2) Innovation. The emissions shift will require technologies that break
the carbon link to energy consumption with as little sacrifice of price
and convenience as possible. A range of renewable technologies can
produce electricity and meet heating and cooling needs. Such
technologies include buildings that produce more energy than they
consume and "smart grids" that use information technology to match
renewably produced electricity precisely to demand.
3) Population Rarely addressed in the context of climate change, future
population trends could make the difference between success and failure
in the long-term balance of human activities, atmosphere, and climate.
The world's population is likely to stop growing and then gradually
decline for a period when women gain the full capacity to decide for
themselves whether and when to have children.
4) Changing lifestyles: The assumption that the "good life" requires
ever more individual consumption, more meat-eating, ever larger homes
and vehicles, and disposable everything will need to fade. A spirit of
shared and equitable material sacrifice can replace it - with no loss of
what really matters, such as active good health, strong communities, and
time with family.
5) Healing land: Managed for the task, the Earth's soil and vegetation
can remove billions of tons of carbon from the atmosphere. Agricultural
landscapes can accomplish this while improving food and fibre production
and minimising the need for artificial fertiliser and fossil-fuel-driven
tilling and raising farmer incomes.
6) Strong institutions: As with the deteriorating global economy, the
global nature of climate change demands international cooperation and
sound governance. The strength and effectiveness of the United Nations,
multilateral banks, and major national governments are essential to
addressing global climate change. These institutions - and those
emerging from the hoped-for Copenhagen climate agreement in 2009 -
require strong public support for their critical work.

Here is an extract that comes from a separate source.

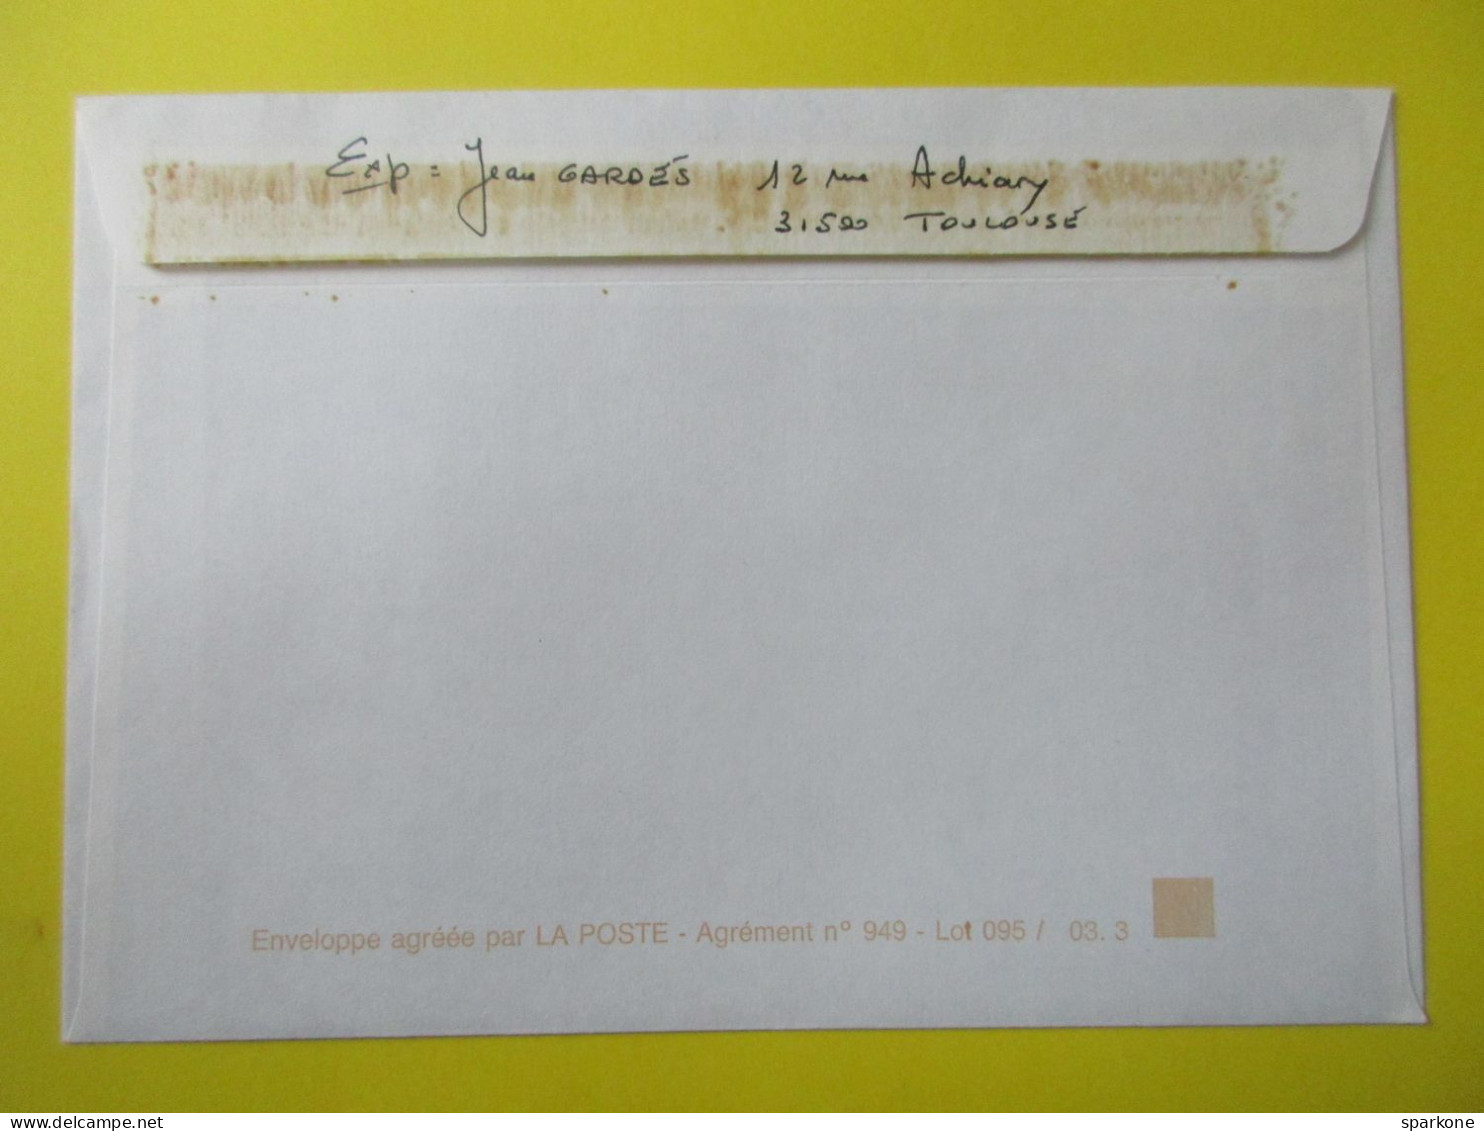 Marcophilie - Enveloppe - France - Cachet Commémoratif - Marianne De Dulac - Journée Du Timbre - 1994 - 33 Floirac - Commemorative Postmarks

7) The Equity imperative: No climate agreement will succeed without
support from those countries that have so far contributed little to
human-induced climate change, have low per-capita emissions, and stand
to face the biggest challenges in adapting to the coming changes. A pact
that is fair to developing and industrialised countries alike is essential.

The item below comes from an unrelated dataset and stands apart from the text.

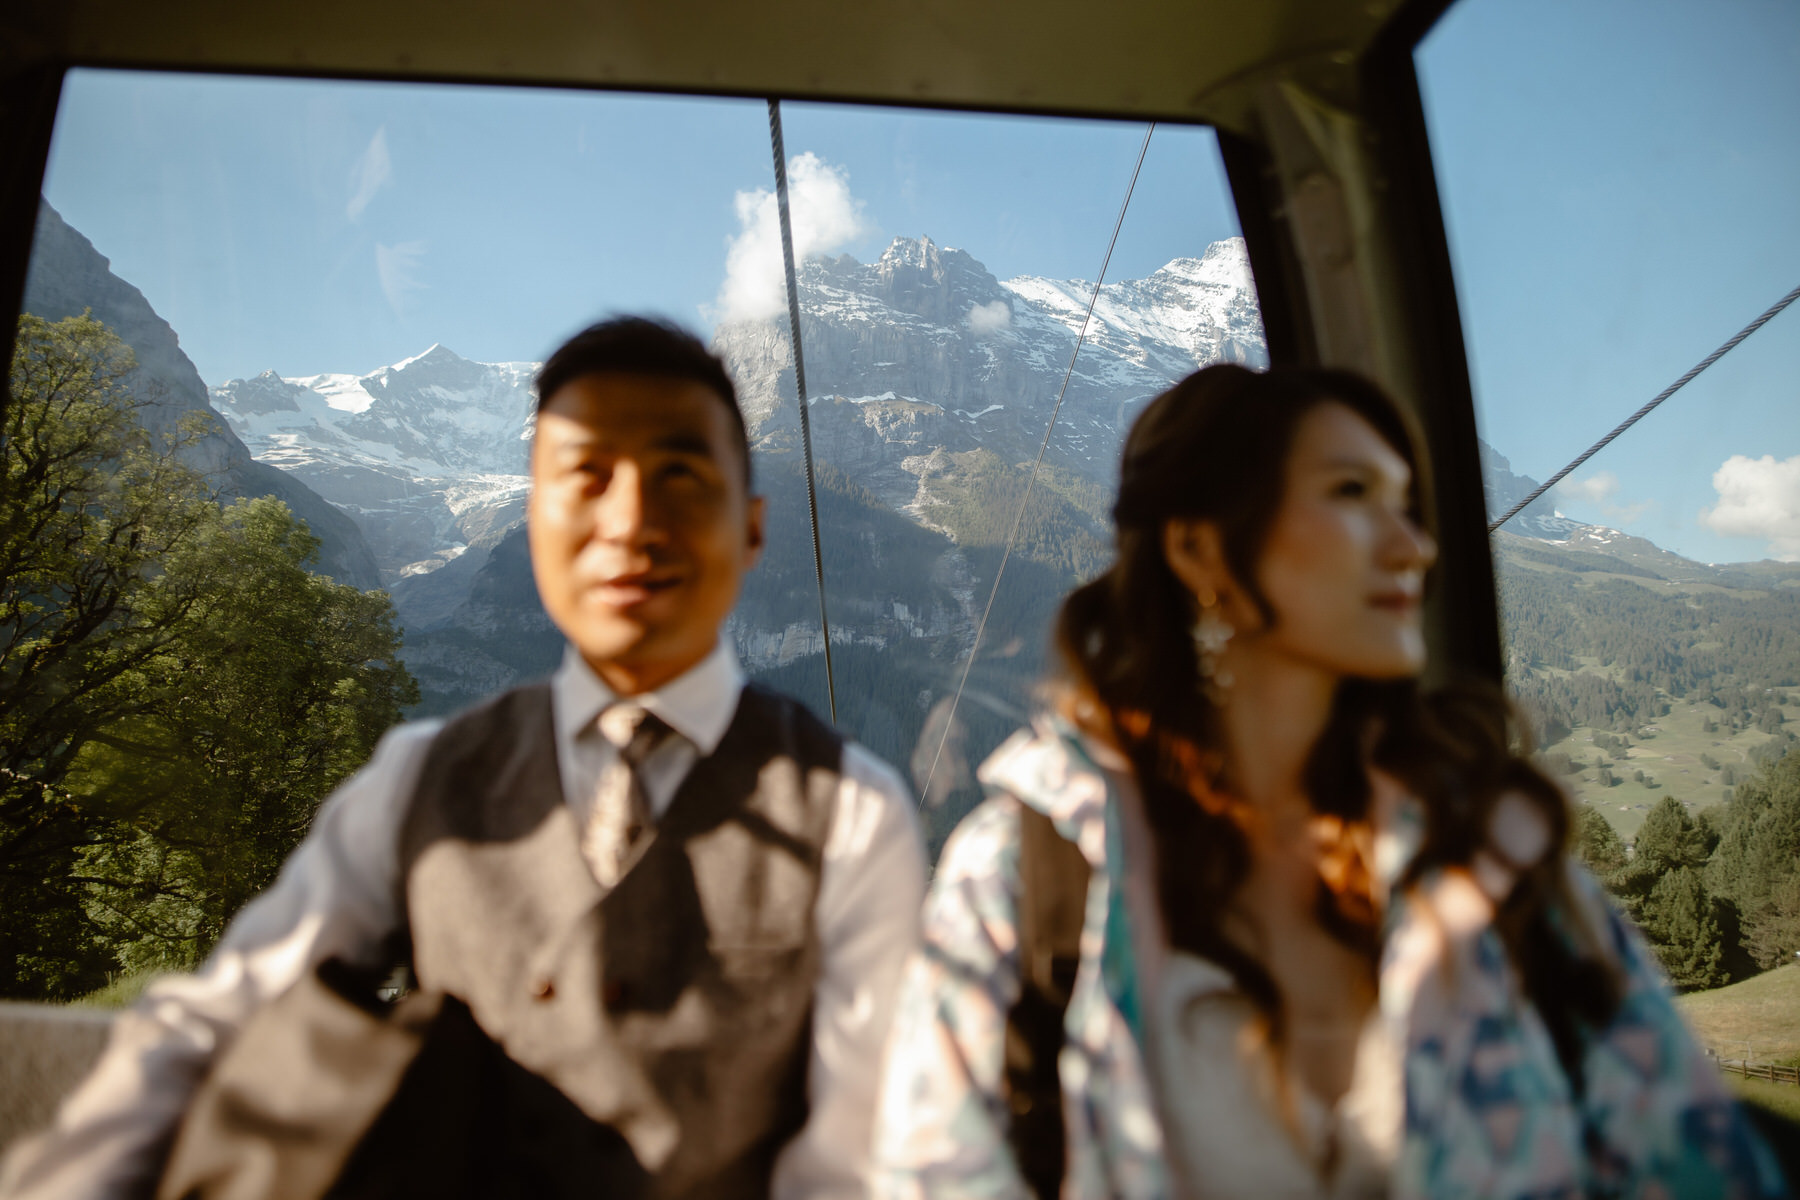 Grindelwald Switzerland Elopement Wedding 91 | Croatia Elopement Photographer and Videographer

8) Economic stability: With the world now fixated on the sputtering
global economy, addressing climate change will demand attention to costs
and the promise of improving rather than undermining long-term economic
prospects. A climate agreement will have to operate effectively during
anaemic as well as booming economic periods, facing squarely the
challenges of poverty and unemployment while continually reducing
emissions of carbon dioxide and other greenhouse gases.
9) Political stability: A world beset by conflict and terrorism is far
less likely to prevent dangerous climate disruption than one at peace.

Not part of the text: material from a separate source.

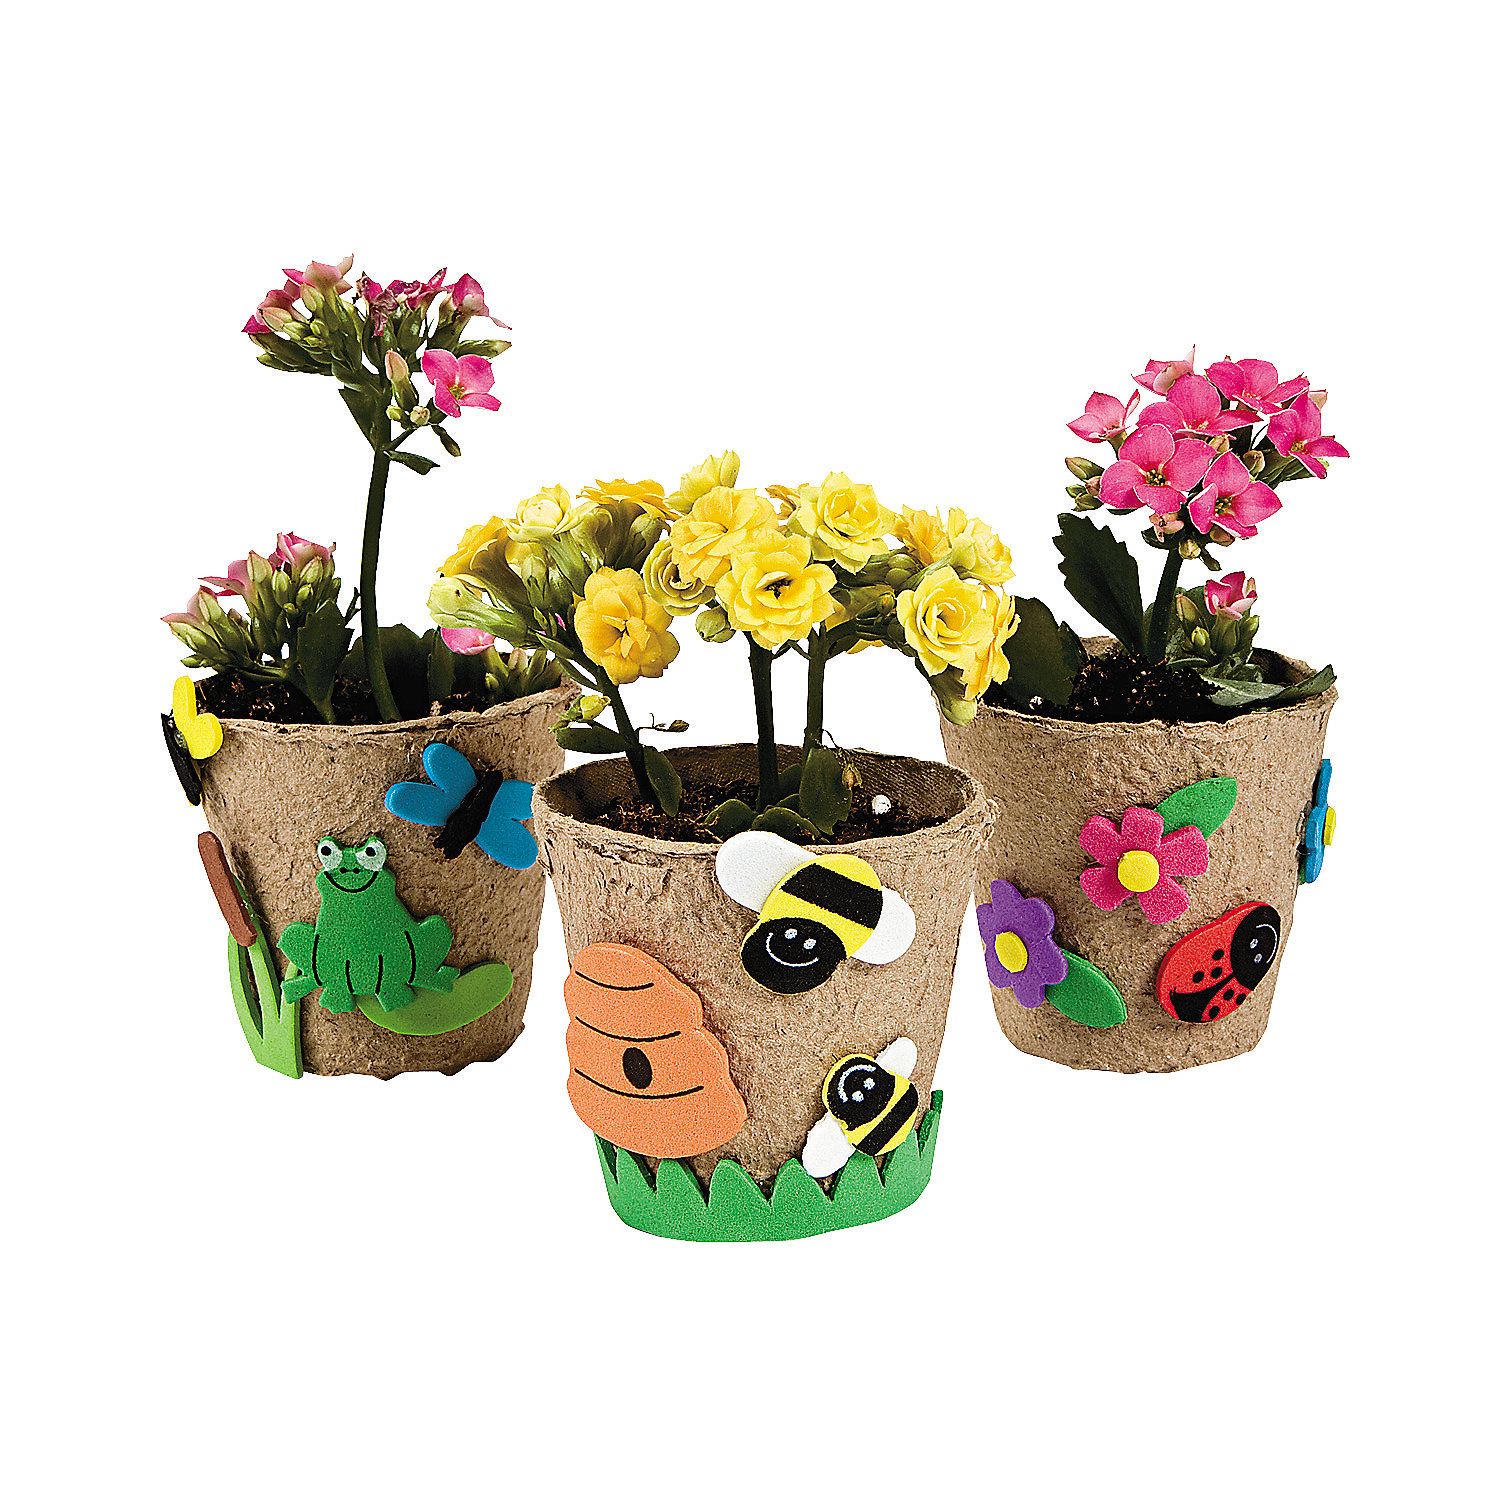 Embellished Flower Pot Craft Tutorial Paisley Petal Events Flower

Security and climate must be addressed simultaneously. On the positive
side, negotiating an effective and fair climate agreement offers
countries a needed opportunity to practice peace and re-frame
international relations along cooperative rather than competitive lines.
10) Mobilising for change: The way to deal with climate change we
ourselves are causing is to see the opportunity for a new global economy
and new ways of living in the effort to bring net greenhouse gas
emissions to an end. There's no guarantee such a transition will be easy
- or even possible. But a global movement to make the effort is needed
now, and could yield new jobs, new opportunities for peace, and global
cooperation beyond what humanity has ever achieved.
All good sensible stuff, in my view, if a little heavy on the idealism
and light on the detail about how any of this can actually be
implemented effectively. But has it missed anything out? Should any of
these be prioritised over others? Do you have more hope, perhaps, and
believe we can reach a state of "neg-emissions" by 2050?